Both major political parties have recently declared themselves in favor of changing the law on consent to organ donation in England. At present, organs can only be removed from a dead person if they have given their consent in advance, usually by carrying, in a purse or wallet, a card authorizing the donation. The reform would reverse this by allowing doctors to presume that the person would have given consent unless there is evidence that they would have withheld it. It is a shift from ‘opting-in’ to ‘opting-out.’ The Welsh government introduced presumed consent in December 2015 and the Scottish government has declared its intention of moving in the same direction.
Transplant surgeons and patient advocacy groups have been lobbying for this change for more than 30 years, as a solution to the acknowledged problem of a shortage of suitable organs. It looks like an easy answer. In fact, it is highly doubtful whether it will make any significant difference and may actually be counter-productive in terms of public confidence in the system.
As it happens, I was part of an interdisciplinary team that undertook the last major independent review of donor organ supply, in 1994, with the support of the King’s Fund1. Our report no longer seems to be available in print or online so it may be worth summarizing its findings.
The first thing to understand is why there is a continuing mismatch between the demand for, and the supply of, organs for transplant. This represents the success of other policies and practices. On the one hand, transplant science has advanced in ways that make it possible for many more people to benefit. Where the pool of beneficiaries might have been limited by age and the presence of other conditions, these can be managed more effectively. People who might once have been thought to be too young, too old or too frail to receive an organ can now benefit from the treatment. This is not the only factor at work – demand is also being driven by lifestyle factors – but it is an important one. At the same time, the UK has been becoming a much safer place to live. The ideal donor is the healthy victim of a traumatic event. We have low and decreasing rates of road traffic accidents and industrial accidents, and are increasingly screening for potential aneurysms. Unlike the United States, we do not have a large pool of gunshot victims. The curves of demand and supply were moving ineluctably apart in 1994 and there is no reason to think this trend has stopped.
Secondly, the United Kingdom has not been particularly good at making use of the organs that do become available. The countries with the best records of supply tend both to be less safe and to invest a lot more in actually obtaining the organs. Even where it is legal to presume consent, doctors are reluctant to act against the wishes of families. Skilled personnel are required to establish the availability of potentially suitable organs. These must then be removed, allocated and transported to recipients, with matching resources available to use them.
In 1994 we pointed to the competing pressures on NHS services that made it difficult to accommodate such unpredictable events. Is such accommodation any easier under present-day conditions? Presuming consent may just be a cheap gesture that glosses over the need for serious and costly investment. The early results from Wales are consistent with this: the number of donations declined slightly in the first year of operation. While this is probably just random fluctuation, it is certainly not the transformative outcome that some headlines suggested.
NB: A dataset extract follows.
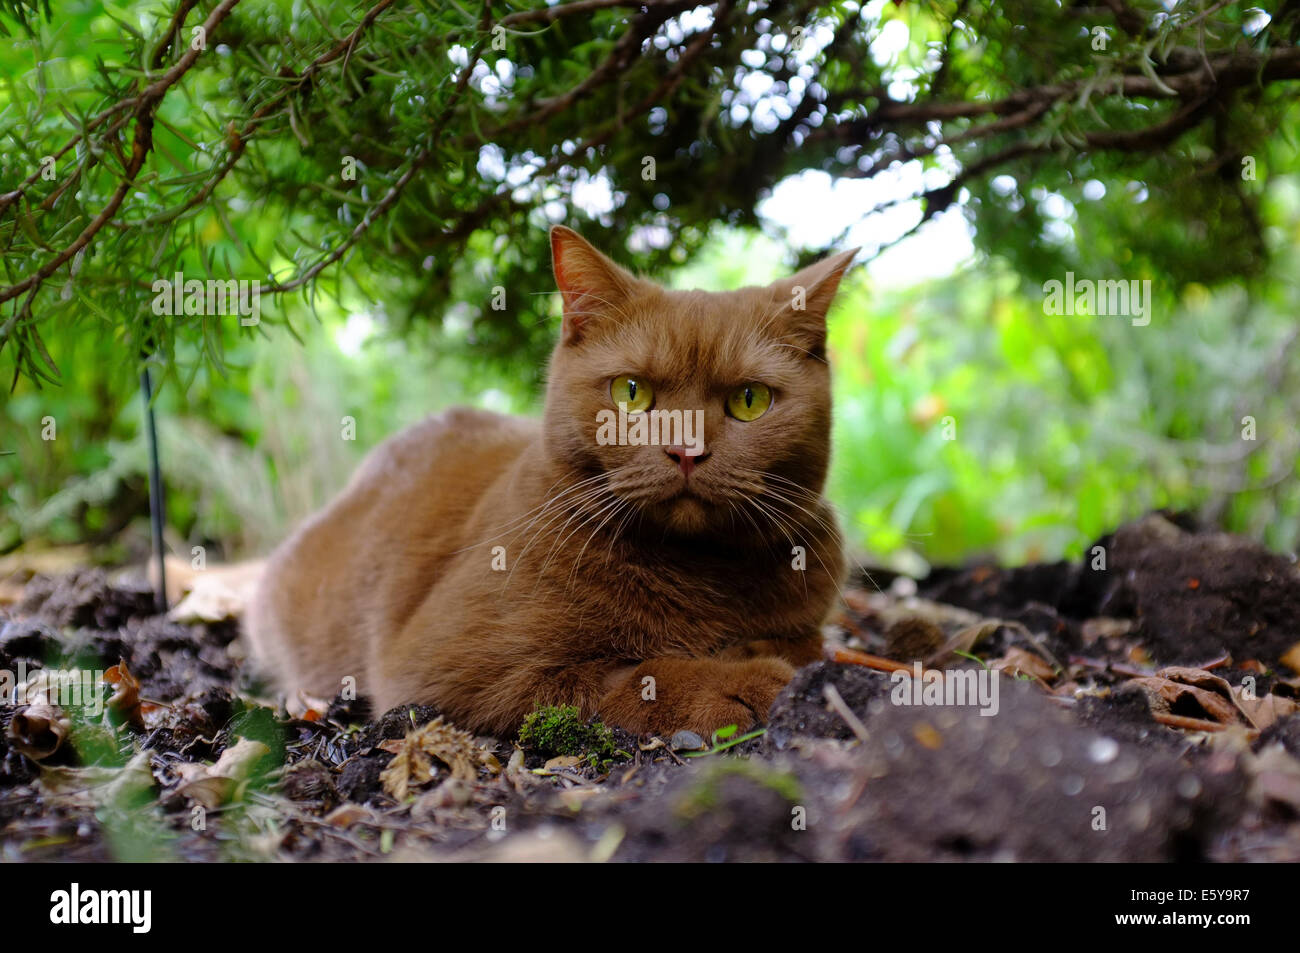 Havana Brown Cat Stock Photos & Havana Brown Cat Stock Images - Alamy

Thirdly, and unusually for the time, our team undertook a detailed investigation of the meaning of bodily integrity to diverse faith groups within the UK. A good deal of the lobbying had come from people who adopted a straightforward utilitarian position, that it was irrational to be concerned about the integrity of the body after death so its components should be immediately available for re-use. While the dominant view in most faith groups accepted the legitimacy of using body parts to save other lives, most groups also had significant minorities who would be seriously distressed by any intervention that meant a body would not be intact when buried or cremated. Having been on a hospital clinical ethics committee for 12 years, I know that there are already conflicts around end-of life care between members of such groups and health professionals. These are not easy to resolve. Do we really want to provoke more of them? Should a diverse society impose a single utilitarian ethic in circumstances like these?
Readers might well argue that research from 25 years ago is not necessarily an appropriate basis for current policy. That is a fair point. However, some might also think that the questions raised then are worth serious re-examination before rushing to legislation. This may be motivated by the understandable desire to help people who are dying because of the mismatch between organ demand and supply. There is, though, a serious risk of practicing a cruel deception by adopting a remedy that does not deal with the real problems of NHS organization and resources. There is also a definite risk of compromising public confidence in the integrity of health professionals who are seen to be acting in ways that offend significant minorities.
- B. New, M. Solomon, R. Dingwall and J.V. McHale, A Question of Give and Take: Improving the Supply of Donor Organs for Transplantation, London: Kings Fund Institute, 1994.